Lautstärkemixer öffnen. Wenn der Monitor dort noch nicht steht, click auf den Pfeil neben den Lautsprechern und wähle aus der Liste dort das Gerät aus. Kann sein das dort die Lautsprecher deaktiviert sind, das Symbol ist dann unten durchgestrichen.


Ansonsten kann man das ganze auch noch über die Grafikkarten Treiber machen.


----------



## Youmaycry (25. Dezember 2012)

Hallo und schonmal danke für deine Hilfe . über VGA und HDMI geht leider weder Bild noch Sound . nur denn ich den Adapter am VGA Kabel habe, bekomme ich Bild . Einstellungen sind soweit ok wie ich das sehe . ich muss das nachher mit dem HDMI Kabel testen.
bin echt n Technik krüppel


----------



## darksilver1 (25. Dezember 2012)

Youmaycry schrieb:


> Hallo und schonmal danke für deine Hilfe . über VGA und HDMI geht leider weder Bild noch Sound . nur denn ich den Adapter am VGA Kabel habe, bekomme ich Bild . Einstellungen sind soweit ok wie ich das sehe . ich muss das nachher mit dem HDMI Kabel testen.
> bin echt n Technik krüppel



Normalerweise sollte der Monitor die Quelle automatisch erkennen, obs nun VGA oder HDMI ist und dementsprechend umschalten, ansonsten manuell auf den Monitor auswählen. Was für ein Monitor und Grafikkarte haste genau?


----------



## Youmaycry (25. Dezember 2012)

es handelt sich um einen BenQ gl2450hm

Grafikkarte bin ich gerade überfragt. 

wenn ich das HDMI Kabel anschliesse komme ich garnicht mehr ins Monitor Menü . er erkennt es nicht


----------



## Ben1982 (23. Dezember 2014)

Hallo Leute, 
Alle Jahre wieder... :-)
Ich habe ein ähnliches Problem mit dem Benq2250H. Der Bildschirm ist an dem HDMI Anschluss der GraKa angeschlossen, am PC wird er als digitales Audiogerät erkannt, auch in den Einstellungen der Graka. Trotzdem bleibt der Ton aus.
Hat jemand ne zündende Idee?
Danke für Eure Antworten!


----------



## Oompf (7. Mai 2018)

Also ich habe 2 Monitore vom Typ BenQ GW2270 erst vor 2 Monaten neu gekauft.
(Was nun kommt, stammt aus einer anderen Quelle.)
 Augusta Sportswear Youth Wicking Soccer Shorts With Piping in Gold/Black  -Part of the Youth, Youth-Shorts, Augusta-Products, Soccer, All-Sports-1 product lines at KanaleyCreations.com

Beide haben weder über Klinke noch über HDMI Ton.

Und ich habe es direkt mit meinem Fernsehr und einem anderen Monitor im laufenden Film vom DVBc Receiver und vom PC getestet. Mit umstecken des HDMI-Kabels ist bei beiden BenQ Monitoren kein Ton zu hören, sofort aber wieder beim zurückstecken in ein anderes Gerät.

 

Da ich etwas mehr Wums beim Spielen haben möchte würde ich die eh nicht benutzen aber offensichtlich funktioniert bei der ganzen Produktionsserie der Ton nicht. Ich habe auch mit Klinkenstecker keinen Ton und auch die Stummschaltung mal testweise umgekehrt und verschiedene Lautstärkeeinstellungen getestet.

 

Über eine Quellenauswahl für den Ton verfügt das OSD nicht - lediglich Lautstärke und Stummschaltung - allerdings halt ohne jegliche Auswirkung.


----------



## Oompf (5. September 2018)

Oh Gott bin ich dämlich.

Die Artikelbeschreibung beschreibt lediglich einen Klinkensteckeranschluss, die Anleitung die Bedienung der Bildschirm-Menu's (OSD) aber nichtwie man das benutzen sollte.
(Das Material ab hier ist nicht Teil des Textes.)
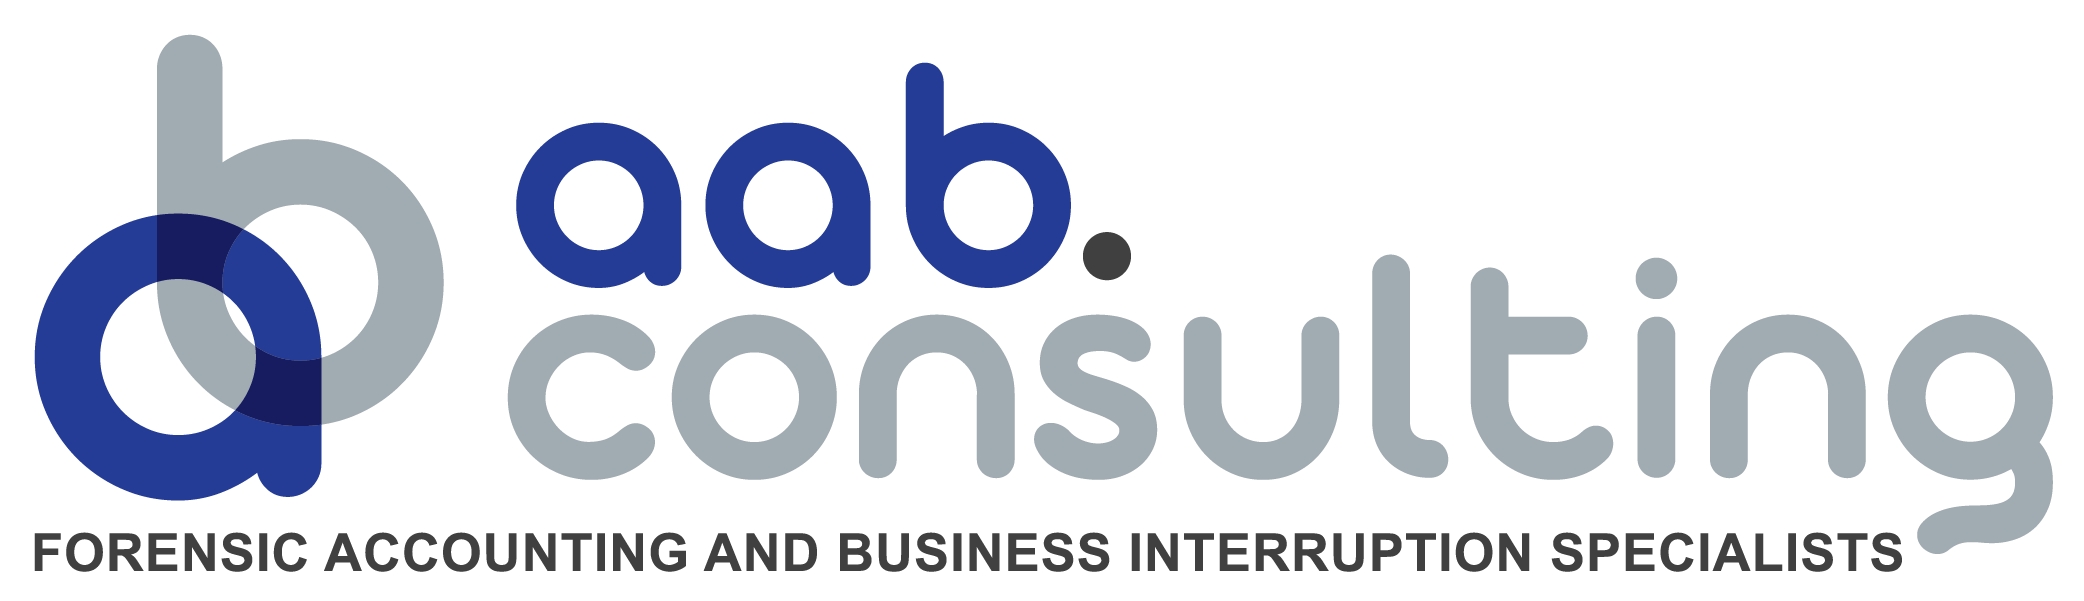 AAB Consulting

An einer Stelle habe ich neulich irgendwo mal gelesen "Kopfhörer-Anschluss". Ergo handelt es sich bei diesen Monitoren um welche ohne Lautsprecher. Nur das HDMI-Audio kann über den Kopfhöreranschluss ausgegeben vom OSD des Monitor gesteuert werden.

Das der Klinkenstecker kein Eingang sondern ein Ausgang für den Ton vom HDMI-Eingang ist, wird nicht beim Kauf des Artikels beschrieben und selbst im Handbuch finde ich keinen Hinweis das man den Klinkenstecker mit einem Headset benutzen muss um den Ton von HDMI da auszugeben.

Habe es getestet - das funktioniert tatsächlich.


----------